Chui Karen, Thakrar Amit, Shankar Shivakumar
Queen's Hospital, Barking, Havering and Redbridge University Hospitals NHS Trust, Romford, UK.
Bone Jt Open. 2020 Jun 3;1(6):190-197. doi: 10.1302/2633-1462.16.BJO-2020-0035.R1. eCollection 2020 Jun.
Hip fracture patients are at higher risk of severe COVID-19 illness, and admission into hospital puts them at further risk. We implemented a two-site orthopaedic trauma service, with 'COVID' and 'COVID-free' hubs, to deliver urgent and infection-controlled trauma care for hip fracture patients, while increasing bed capacity for medical patients during the COVID-19 pandemic.
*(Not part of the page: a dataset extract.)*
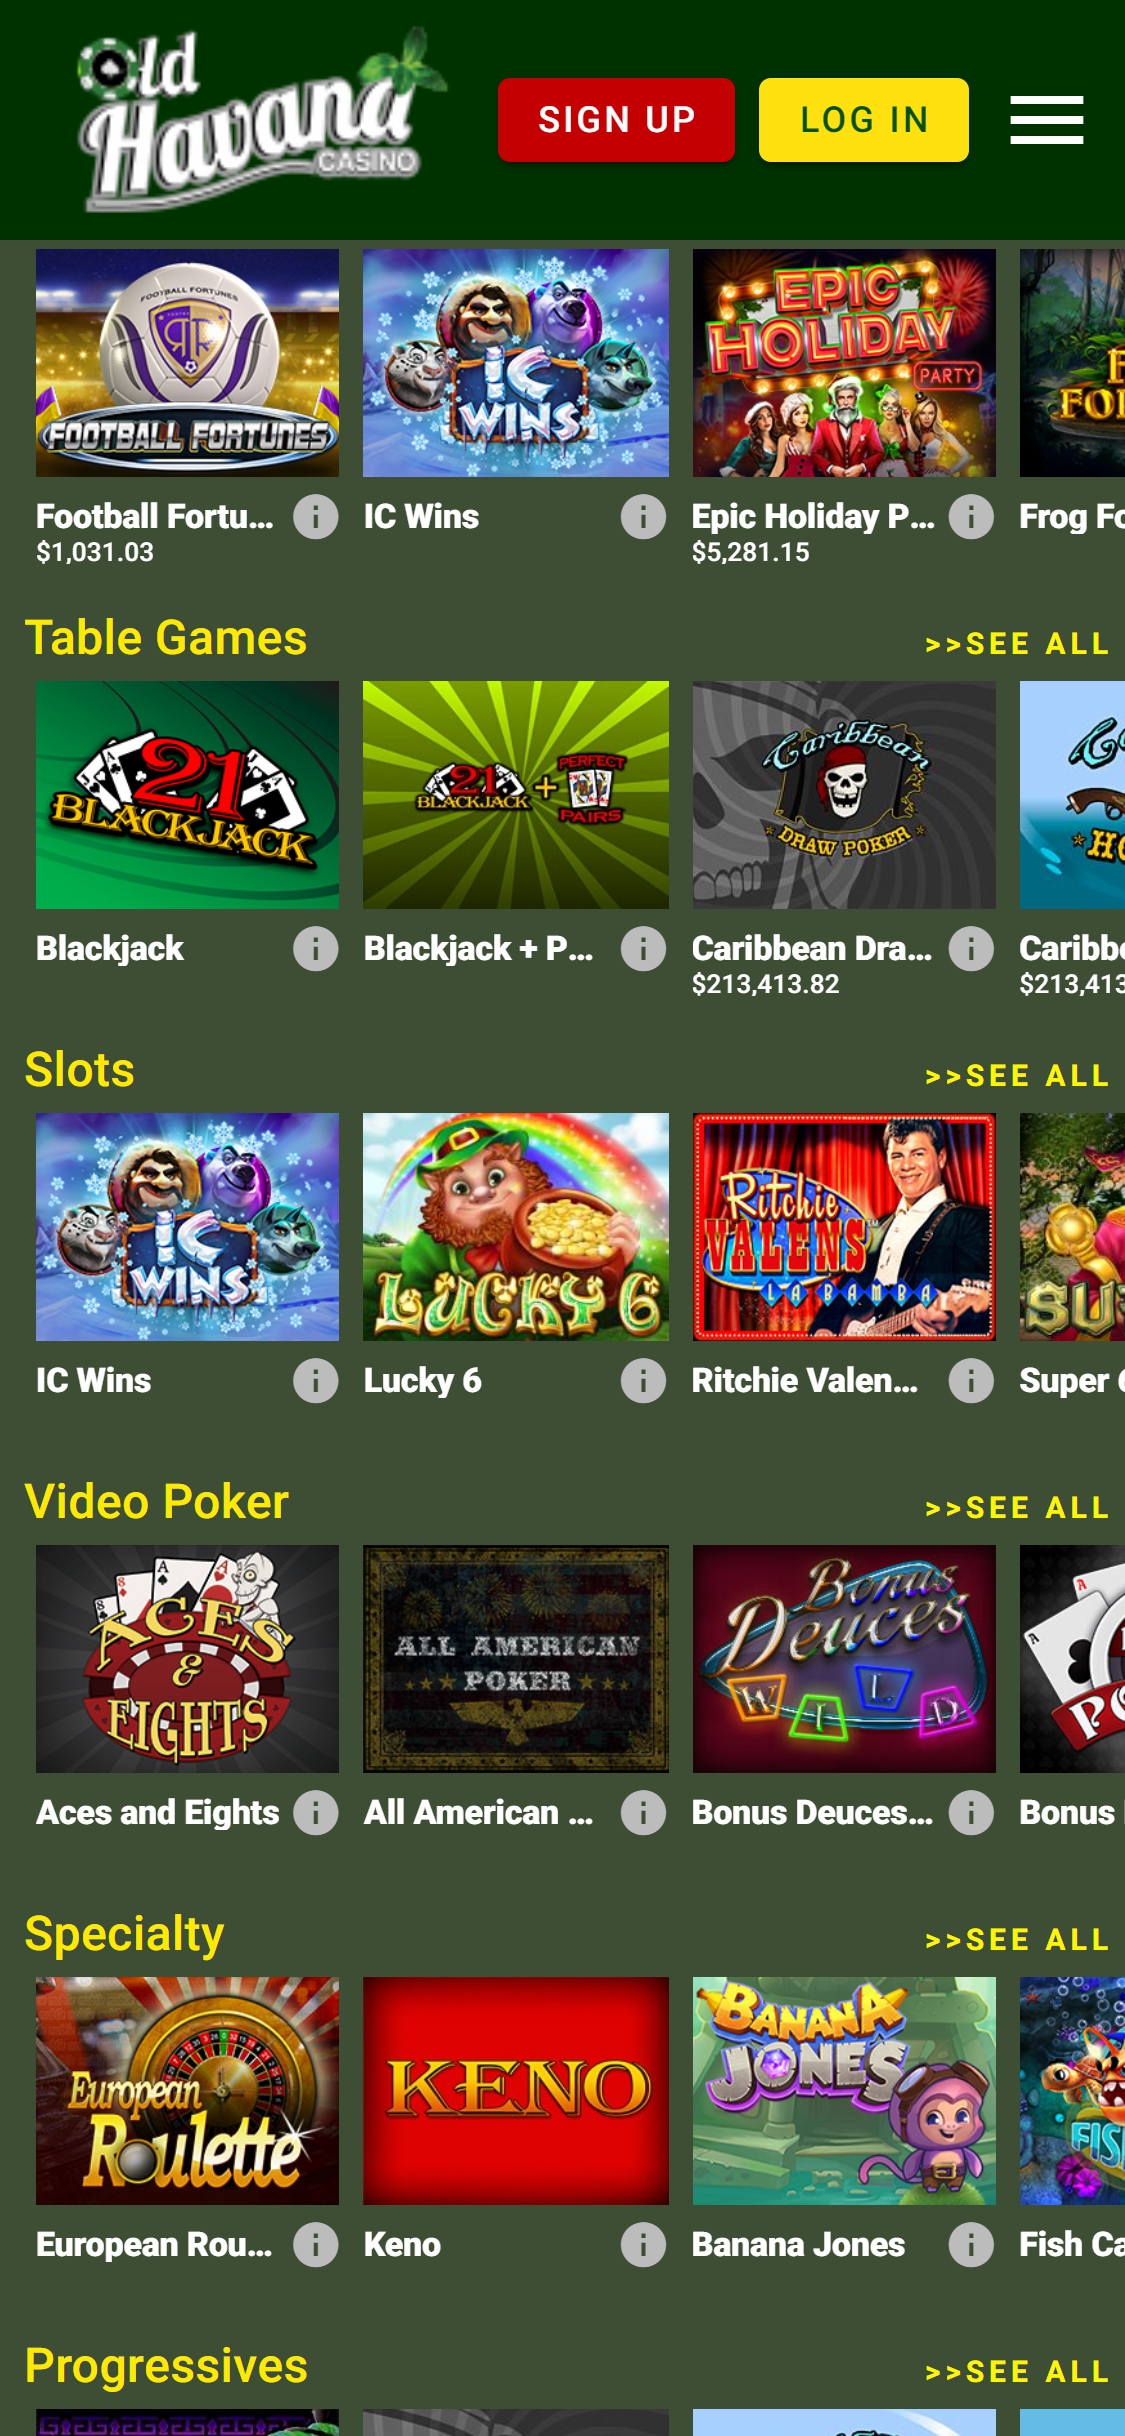 Old Havana Casino Mobile Games Review

A vacated private elective surgical centre was repurposed to facilitate a two-site, 'COVID' and 'COVID-free', hip fracture service. Patients were screened for COVID-19 infection and either kept at our 'COVID' site or transferred to our 'COVID-free' site. We collected data for 30 days on patient demographics, Clinical Frailty Scale (CFS), Nottingham Hip Fracture Scores (NHFS), time to surgery, COVID-19 status, mortality, and length of stay (LOS).
In all, 47 hip fracture patients presented to our service: 12 were admitted to the 'COVID' site and 35 to the 'COVID-free' site. The 'COVID' site cohort were older (mean 86.8 vs 78.5 years, p = 0.0427) and with poorer CFS (p = 0.0147) and NHFS (p = 0.0023) scores. At the 'COVID-free' site, mean time to surgery was less (29.8 vs 52.8 hours, p = 0.0146), and mean LOS seemed shorter (8.7 vs 12.6 days, p = 0.0592). No patients tested positive for COVID-19 infection while at the 'COVID-free' site. We redirected 74% of our admissions from the base 'COVID' site and created 304 inpatient days' capacity for medical COVID patients.
Acquisition of unused elective orthopaedic capacity from the private sector facilitated a two-site trauma service. Patients were treated expeditiously, while successfully achieving strict infection control. We achieved significant gains in medical bed capacity in response to the COVID-19 demand. The authors propose the repurposing of unused elective operating facilities for a two-site 'COVID' and 'COVID-free' model as a safe and effective way of managing hip fracture patients during the pandemic.Cite this article: 2020;1-6:190-197.
髋部骨折患者患重症 COVID-19 的风险更高,住院会使他们面临更大风险。我们实施了一项两地骨科创伤服务,设有“COVID”和“无 COVID”中心,为髋部骨折患者提供紧急且感染受控的创伤护理,同时在 COVID-19 大流行期间增加内科患者的床位。
将一个腾出的私立择期手术中心重新利用,以促成一个两地的“COVID”和“无 COVID”髋部骨折服务。对患者进行 COVID-19 感染筛查,患者要么留在我们的“COVID”中心,要么转至我们的“无 COVID”中心。我们收集了 30 天内患者的人口统计学数据、临床衰弱量表(CFS)、诺丁汉髋部骨折评分(NHFS)、手术时间、COVID-19 状态、死亡率和住院时间(LOS)。
共有 47 例髋部骨折患者前来接受我们的服务:12 例被收治到“COVID”中心,35 例被收治到“无 COVID”中心。“COVID”中心的患者年龄更大(平均 86.8 岁对 78.5 岁,p = 0.0427),CFS 评分更差(p = 0.0147),NHFS 评分更差(p = 0.0023)。在“无 COVID”中心,平均手术时间更短(29.8 小时对 52.8 小时,p = 0.0146),平均住院时间似乎也更短(8.7 天对 12.6 天,p = 0.0592)。在“无 COVID”中心期间,没有患者 COVID-19 检测呈阳性。我们将 74%的入院患者从基础“COVID”中心转出,为 COVID 内科患者创造了 304 个住院日的床位。
从私营部门获取未使用的择期骨科床位促成了一项两地创伤服务。患者得到了快速治疗,同时成功实现了严格的感染控制。我们根据 COVID-19 的需求在医疗床位方面取得了显著增加。作者提议将未使用的择期手术设施重新用于两地“COVID”和“无 COVID”模式,作为在大流行期间管理髋部骨折患者的一种安全有效的方法。引用本文:2020;1 - 6:190 - 197。